A flock of mallards patrolled the waters until my intrusion startled them into flight. I captured the takeoff, only to discover I had the shutter speed impossibly slow. Their exodus looked more like a mallard-colored grease smear than a flock of ducks. Lesson one: check your camera settings before you leave the car.
Later, a kingfisher swooped by in a brilliant flash of blue, intent on spearing lunch. There was no time to snap a shot or even lift the camera to my eye, only time enough to see its run. Later I spied it off in the distance, perched among the treetops. Lesson two: some things can’t be photographed, only experienced in the moment.
As I scanned the treetops for another chance at the kingfisher, I turned back towards the car ... and stepped into a muskrat hole I never saw. Fortunately, only my heel entered the hole and not my toe. Somehow I managed to stay upright and hang on to my camera. Had I fallen, I could have found myself covered in snow with a broken camera, or worse, a broken leg. Lesson three: maintain awareness of your surroundings, not just your target.
A covered bridge spans the stream, built on stone foundations. Covered bridges are picturesque, but I think they tend to be overdone. I found my eye drawn not to the bridge, but to a beautiful graffiti work of art. A primal, almost tribal fish in blues and reds rose to strike a stylized spray-paint tag. Had I simply dismissed the bridge as overdone, I would have missed the fish. Lesson four: everything is worth a second look from a new angle.

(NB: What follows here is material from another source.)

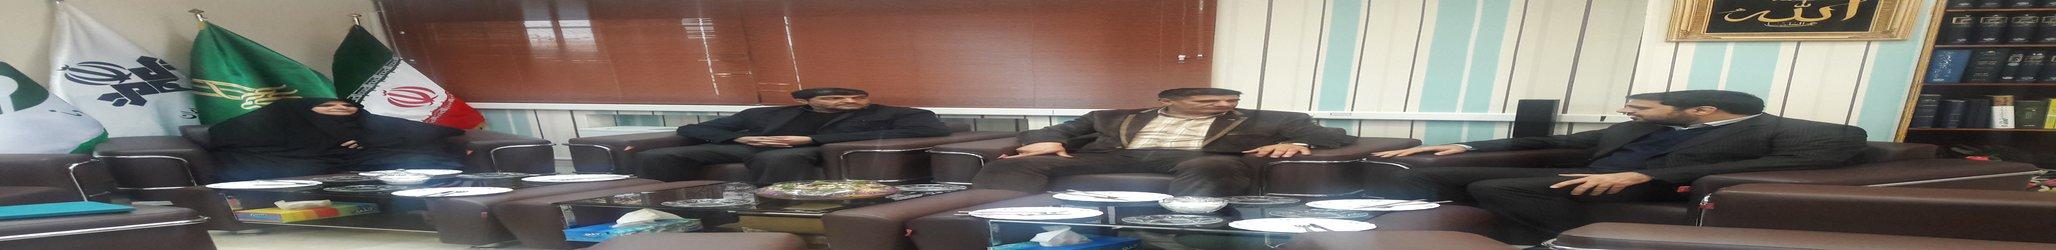 دیدار رئیس دانشگاه آزاد اسلامی استان کهگیلویه وبویراحمد با مدیرکل صداو سیمای استان(۱۳۹۷/۱۰/۱۸)

Motion caught my eye from across the water, a flash of grey among the grasses on the far bank. I studied the area carefully, first with my naked eye, then with my telephoto "monster lens," but saw nothing. I took the shot anyway. Later, at home, I zoomed in on the photo to discover a bold little sparrow, his head cocked to the side as if to say, “What are you looking at?” Lesson five: take the shot.
More movement and rustling drew my attention to another sparrow scratching for his supper among the fallen leaves on my side of the stream. He hopped and scratched vigorously, shifting constantly as I snapped a dozen or so pictures. The angle wasn’t always ideal, but the session yielded one shot mid-scratch and another mid-stretch, his wings at half-mast. Lesson six: keep shooting.
By this point my fingers were numb, and my camera’s battery was flashing empty. While I had another battery in my pocket, I was ready for some warmth and a coffee. Six lessons were enough for one day. I’ll be back, maybe when the weather turns warmer and things green up a bit.